**Problem statement:**
Beginning with the first line, return the material verbatim and without pictures.
*** Opening of Information shown ***
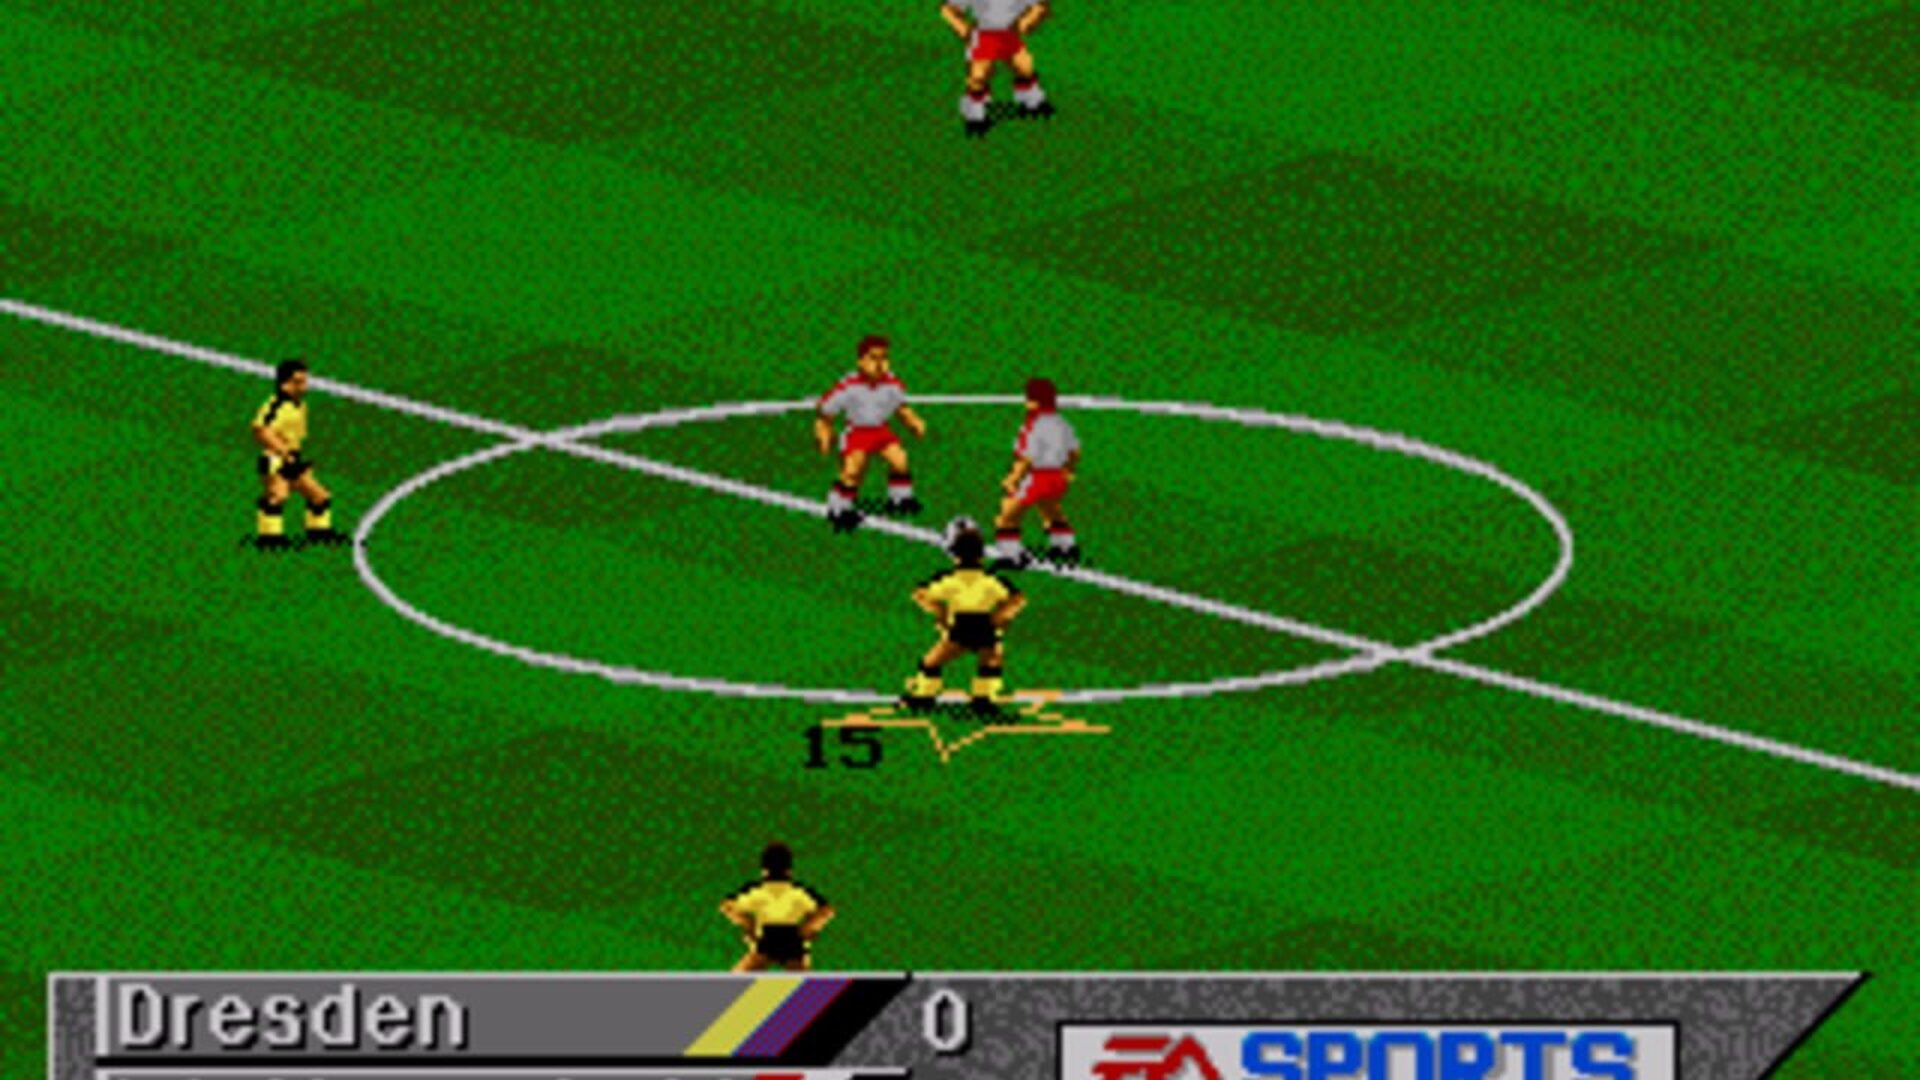 FIFA Soccer 95 (Genesis) Game Download
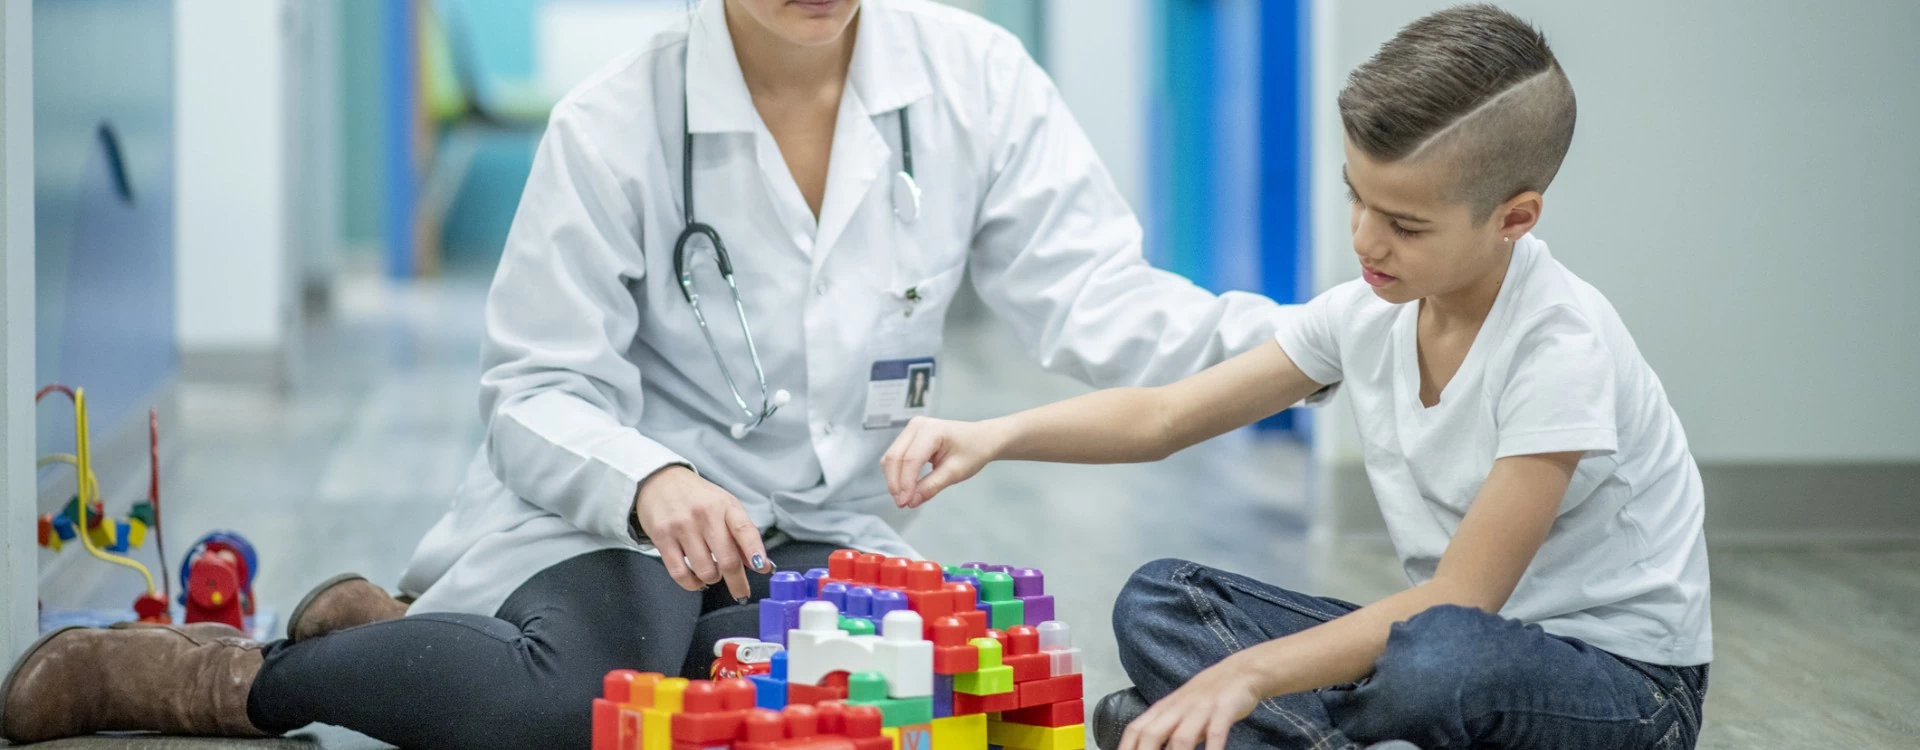 Dziecko bawiące się klockami przy lekarce
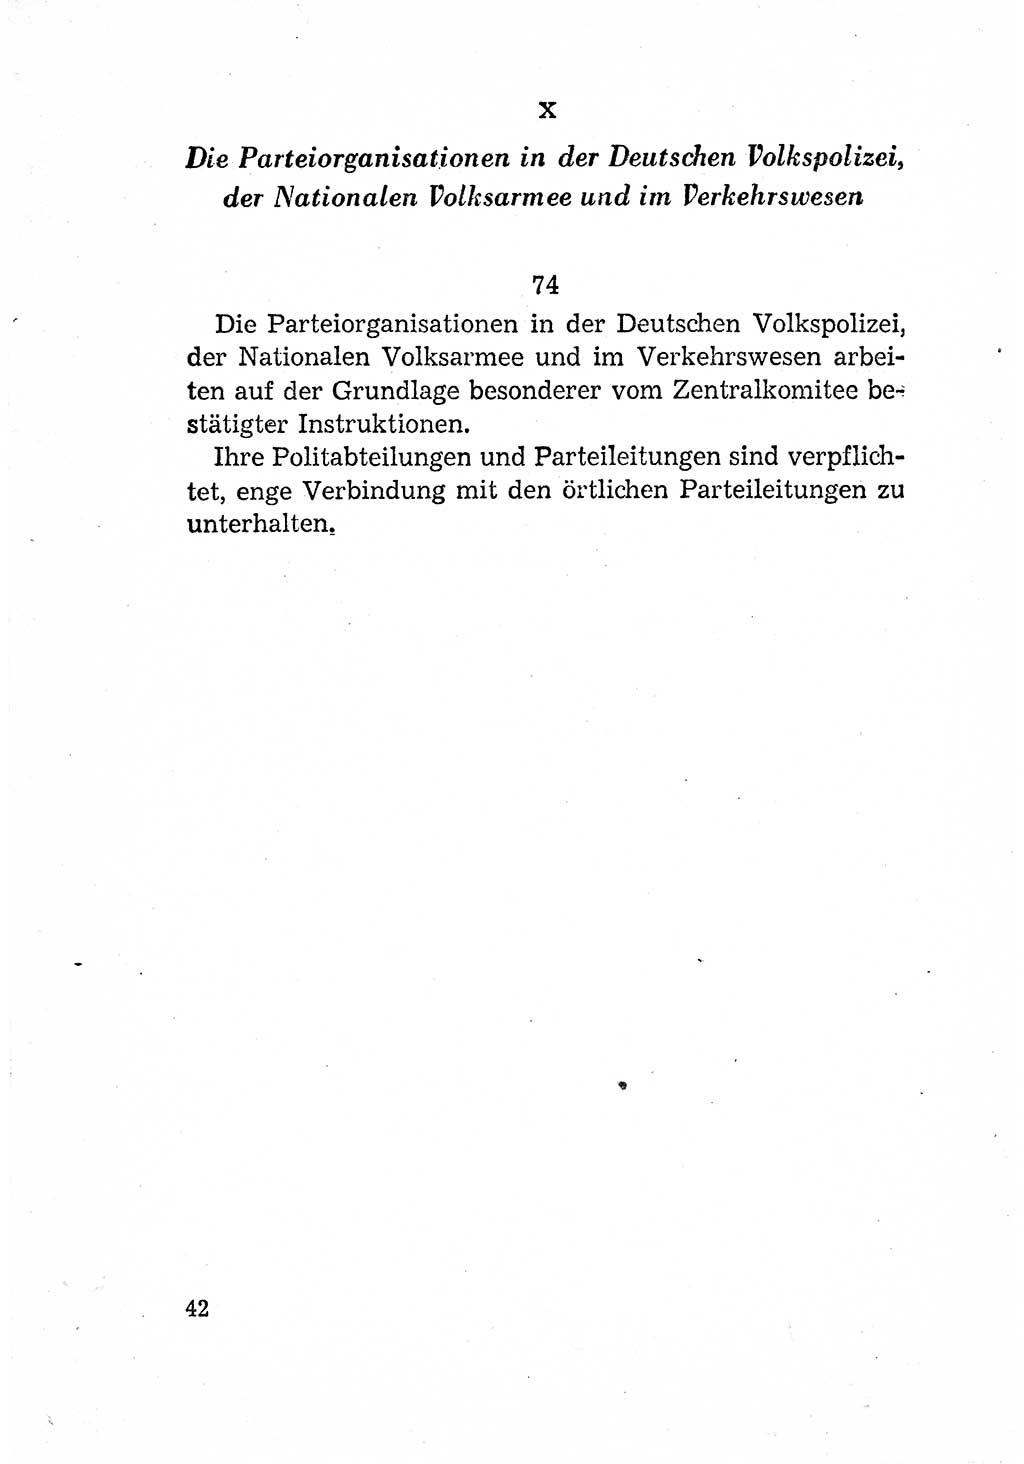 Statut der Sozialistischen Einheitspartei Deutschlands (SED) [Deutsche Demokratische Republik (DDR)] 1958, Seite 42 (St. SED DDR 1958, S. 42)
*** Close of Information shown ***
**Exercise answer:**
 FIFA Soccer 95 (Genesis) Game Download
 Dziecko bawiące się klockami przy lekarce
 Statut der Sozialistischen Einheitspartei Deutschlands (SED) [Deutsche Demokratische Republik (DDR)] 1958, Seite 42 (St. SED DDR 1958, S. 42)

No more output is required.